Of course K-Boy didn’t set the wildfires that burned down part of Fort Mack, nor engineered the collapse of world petroleum prices, nor initiated the Covid pandemic. Perhaps UCP supporters should have better parsed his responses to the first two calamities, but I rather think putting the HumptyCon back together again was foremost on their minds—to the extent they were easily convinced the NDP interregnum was a punishing anomaly—but not, I hasten to add—to the extent that the one-shot socialist wonder was returned to the paltry few seats it had before Rachel Notley upset the moribund PCs: for the first time in living memory Albetar has a respectably represented Loyal Opposition more than part way forming government again someday.
The most disturbing thing about the K-UCP is its most-base electoral base: it is blatantly bigoted—which is why K-Boy risked opprobrium by openly inviting it to revel in its hatefulness—and probably why the NDP did retain a 24-seat parliamentary presence. IMHO, the UCP is doubling down on its unprincipled principles is a desperate strategy to retain the affections of this surly faction—which indicates that it knows its real support is much thinner than that 58%. But this is the most common feature of neo-right parties in their throes after forty years of “End-of-History” party-hardy: when a party has to overweeningly attend to a hard base which itself cannot deliver even a plurality electoral win, it risks disaffecting softer support it once had. The conspicuously large NDP Opposition suggests this is precisely the fix the UCP finds itself in right now—that is, the erosion of softer conservative support had already happened before the pandemic and before bitumen prices took an even deeper, more fatal dive than they had at the beginning of the NDP’s lone term. The fact that attacking the medical professions now is bound to be broadly unpopular, to which K-Boy’s status as Canada’s most unloved premier seems well correlated, and especially during a serious pandemic which—as if Albetarians don’t notice that pandemics are all about the necessity of adequate medical services—suggests the UCP is truly in a fix.

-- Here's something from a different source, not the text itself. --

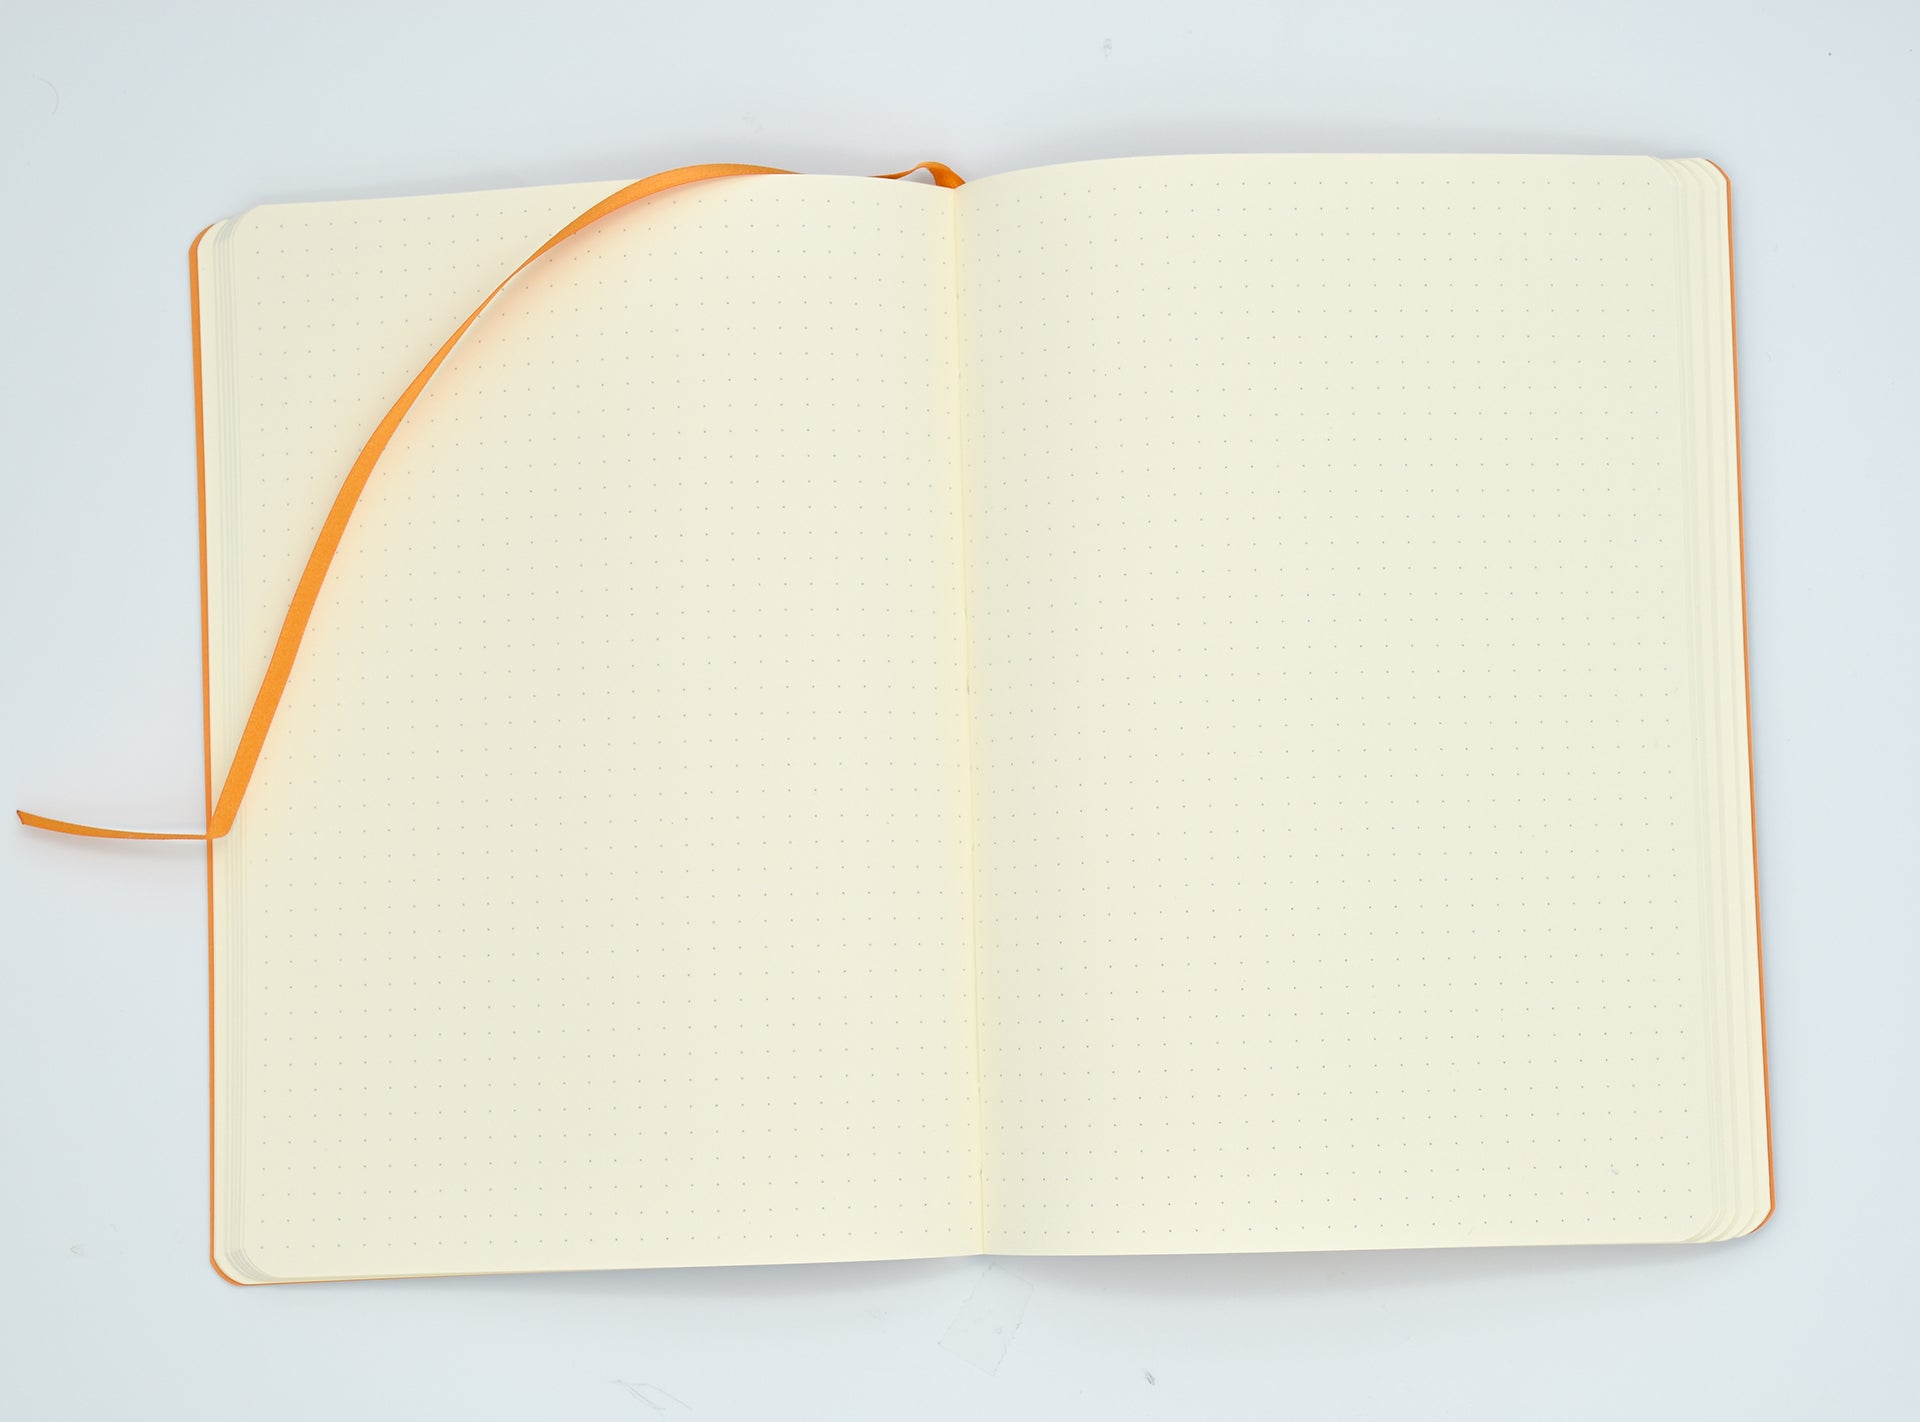 Rhodiarama Dot Grid Notebook / Turquoise

I dare say,most Albetarians won’t deserve the fallout from the UCP’s crazy, counterintuitive policies. I bet the party won’t do near as well in three years time when its first term ends. It has one hope: that citizens inclined to vote NDP—which now probably includes a larger proportion of healthcare providers than before they were attacked by the UCP—will simply move out of the jurisdiction and effectively potentize the remaining far-rightist voting faction.
It’s hugely unfair but it just might work enough to preclude another ray of hope from shining through the pall of a dying industry which demands so much from these beset people.
OFF TOPIC, just over at Empty wheel. Marcy has moved to Ireland. The article is up. Mr. E.W. went three weeks ago. she and the dog going now.